# NEW MEMBERS - TAKE A MINUTE AND INTRODUCE YOURSELF HERE! > PROFESSIONAL ATHLETE PICTURES > PRO NEWS >  victor richards and paul demayo

## bigkev

.here ya go juicy swede...

----------


## bigkev

.

----------


## bigkev

demayo

----------


## Psycoswole

Damn, i remember the first time i saw Richards. His wife killed him right? He had some potential

----------


## bigkev

nope, wrong guy. that was ray mcneil. his wife sally shot him 2 times with a shotgun. she was a big girl to. i think it was 1994 when that happened. he wasnt much of a bodybuilder, big delts, small arms and legs. terrible symetry.

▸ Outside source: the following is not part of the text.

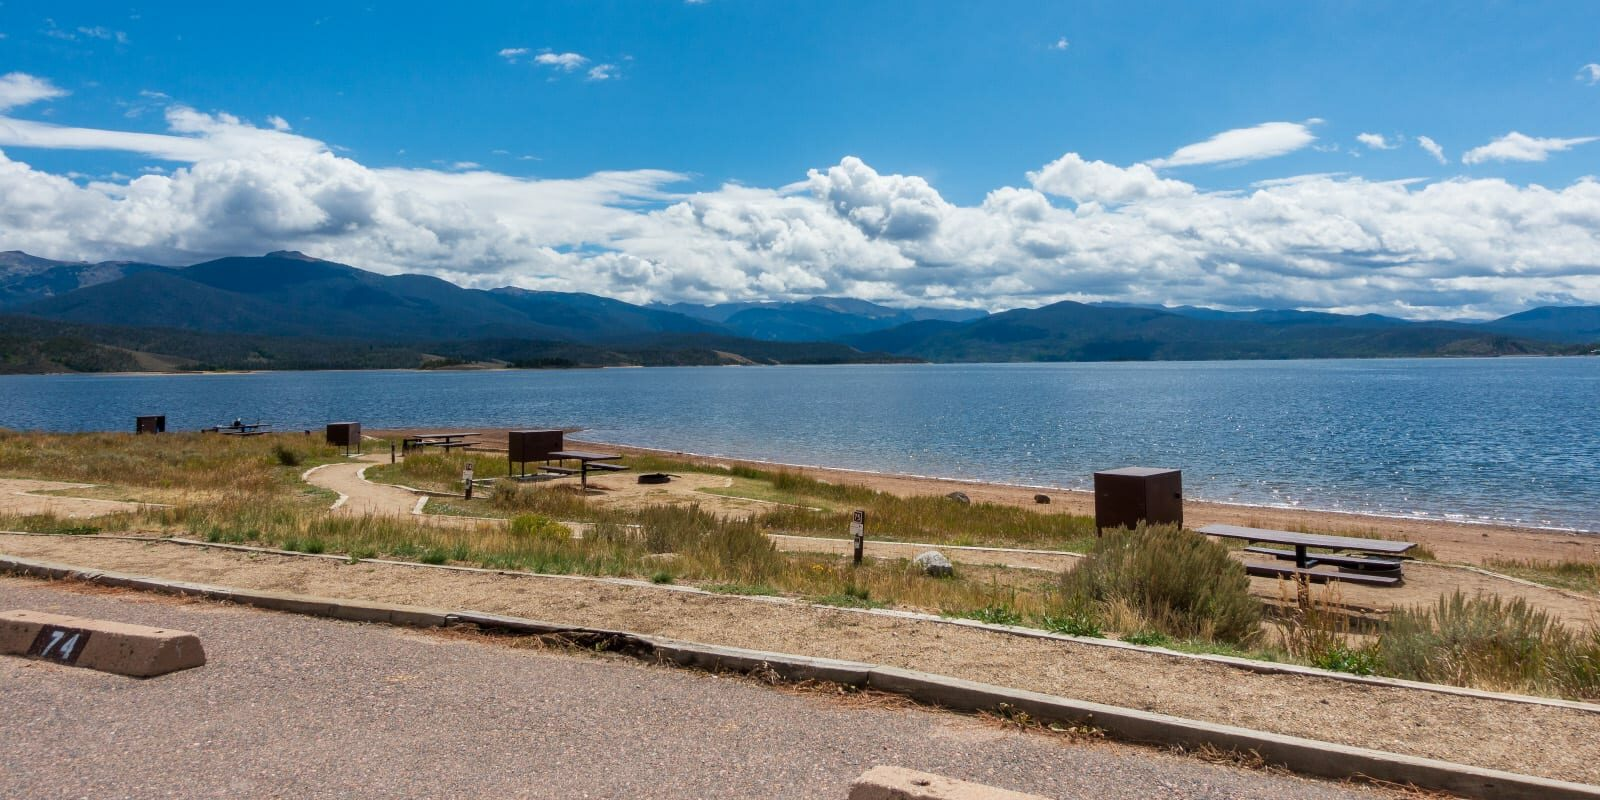 Lake Granby Lakeside Campsites Arapaho National Recreation Area Colorado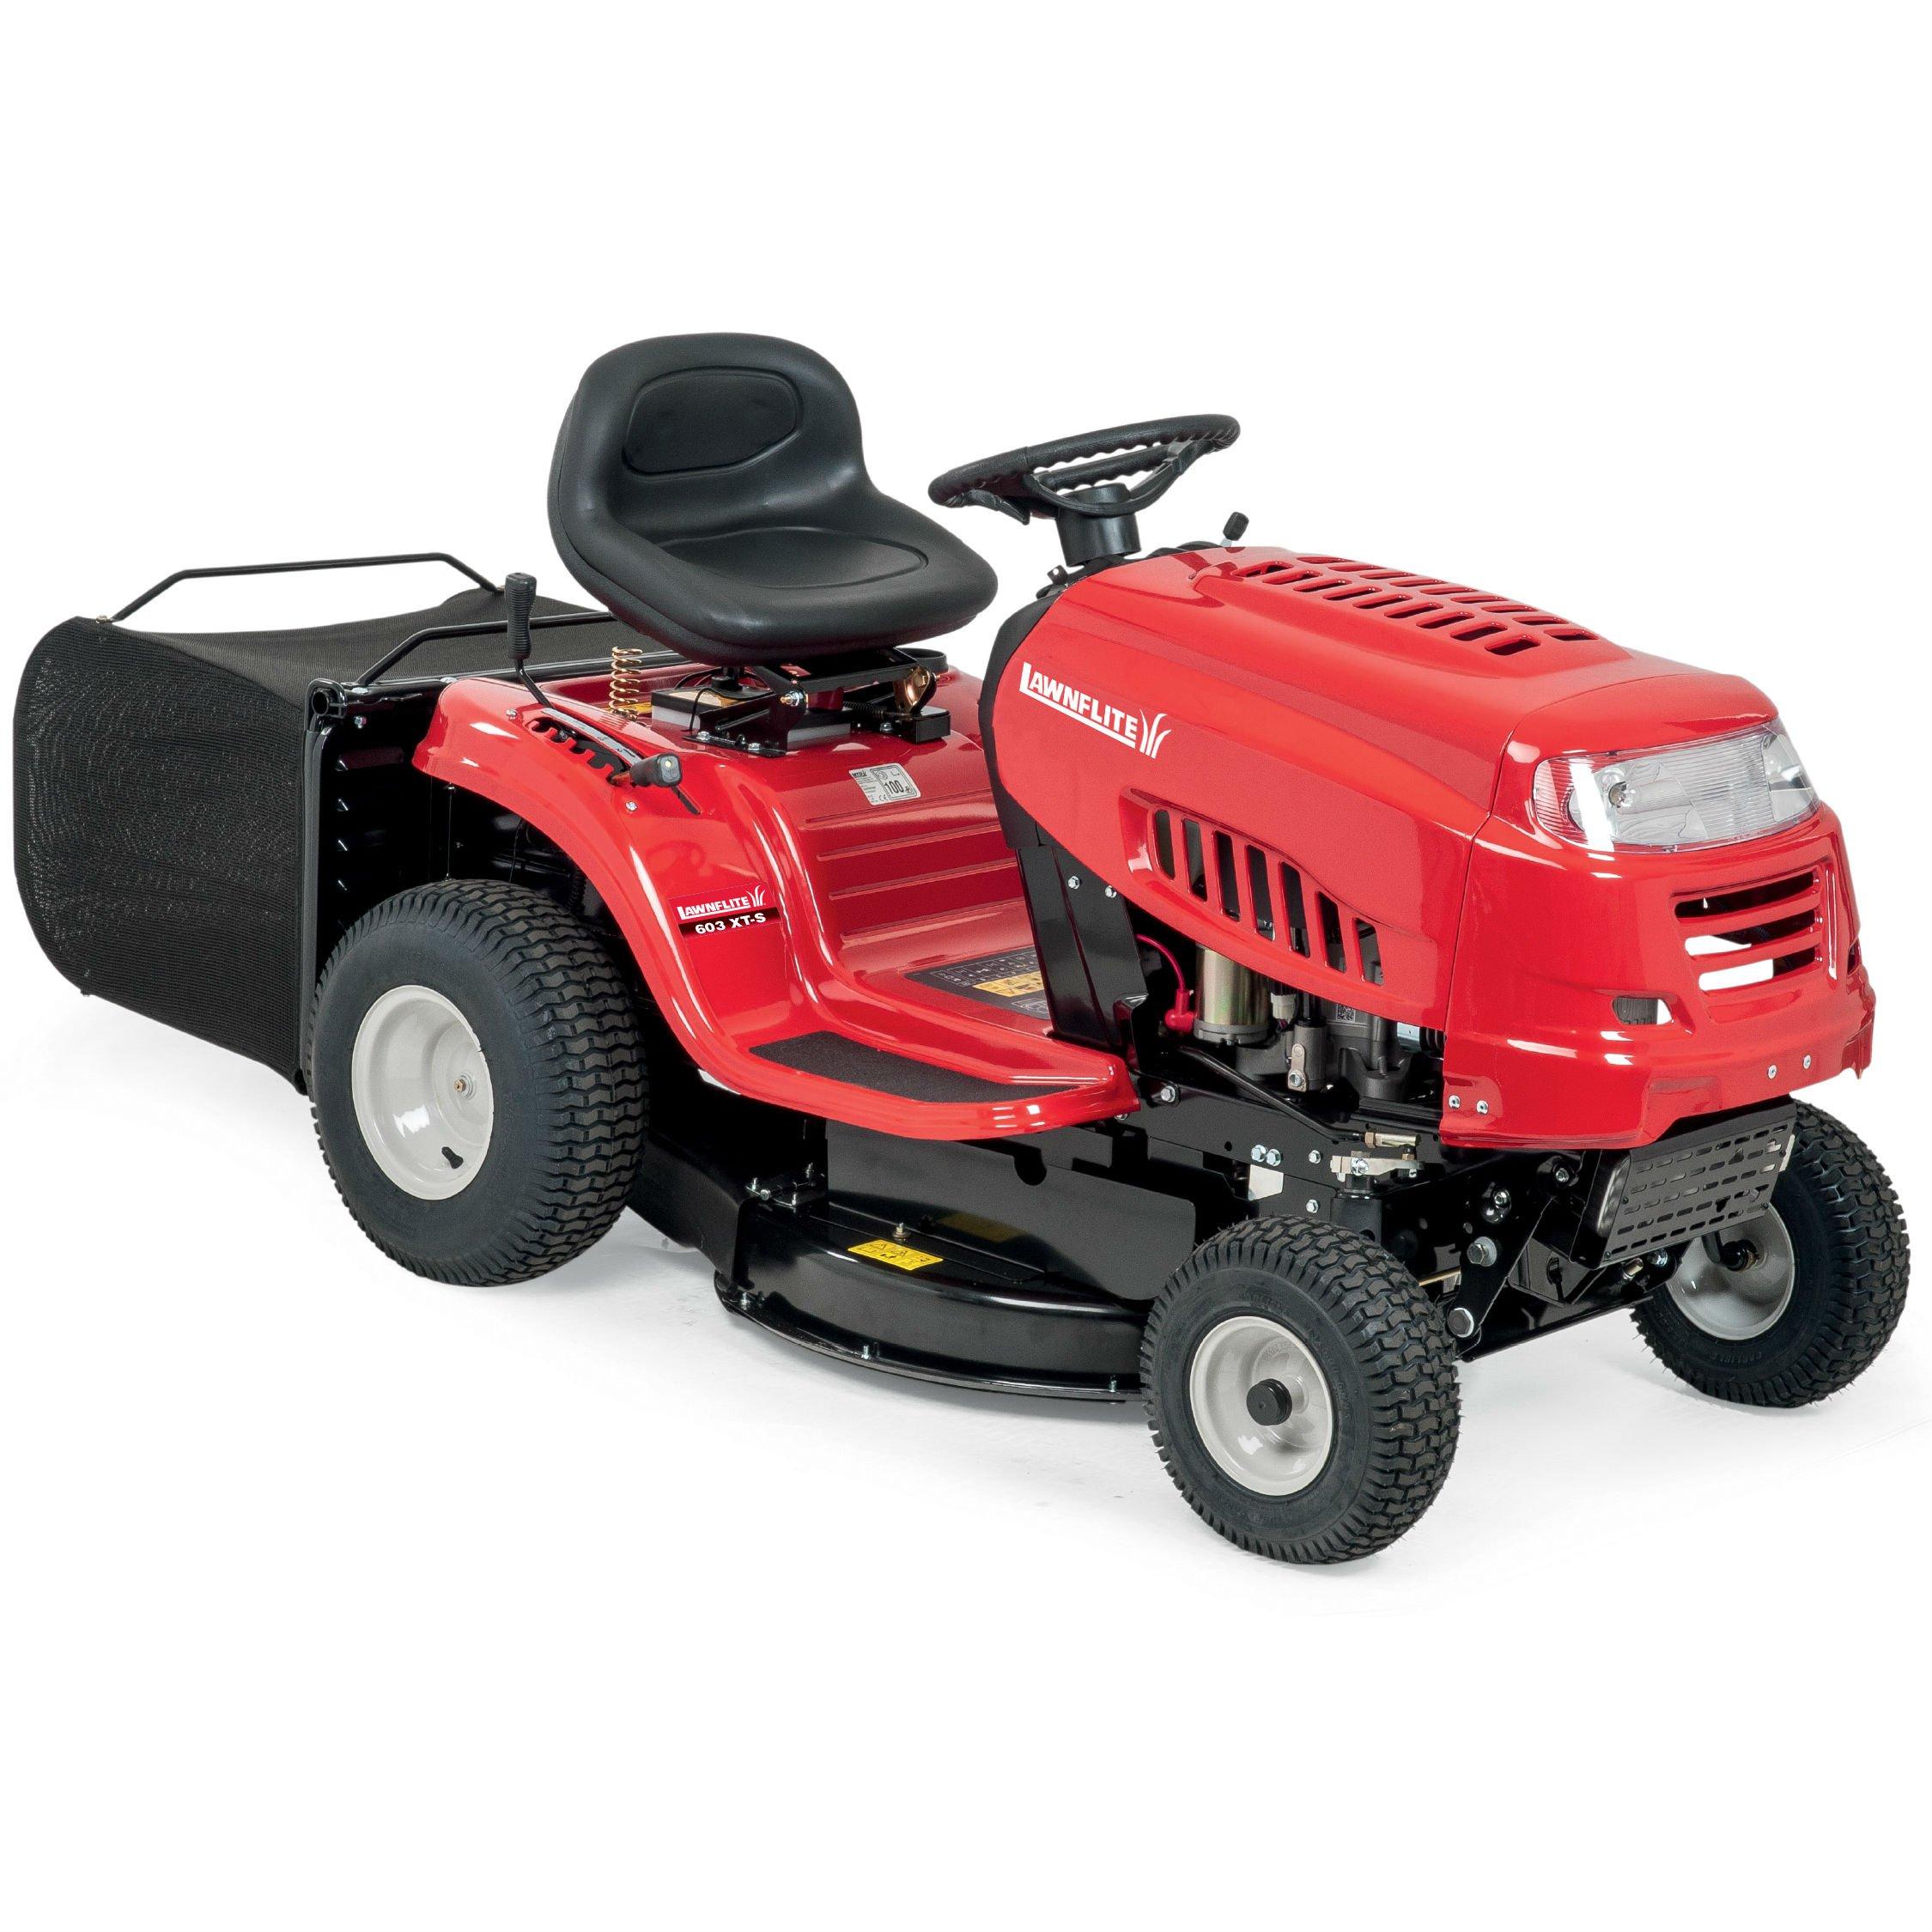 Mtd Lawn Tractor : Lawnflite xt s lawn tractor

big vic is still alive and kicking.

----------


## Psycoswole

Youre right it was Mcneil. You even remember his wifes name was sally. Heres a pic

----------


## bigkev

yep, i remember everything bro!

that was ray alright.

----------


## Psycoswole

Heres a good Richards shot

----------


## Juicyswede

:Big Grin:   :Big Grin:   :Big Grin:   :Big Grin:  :THEY ARE HUGE!!!!!!!

Thank´s a lot!
If i have the time I will post some pic´s of my friends when they competed in Swedens biggest beginners-competition!
3 of my friends won the +90 -70 and -75 categories!
Can I e-mail some one the pic´s, cause I really am a zero when it comes to computers!

----------


## Kärnfysikern

is it luciapokalen your talking about??

In that case I assume you know Willy Åhgren, damn hes a guy to have respect for. 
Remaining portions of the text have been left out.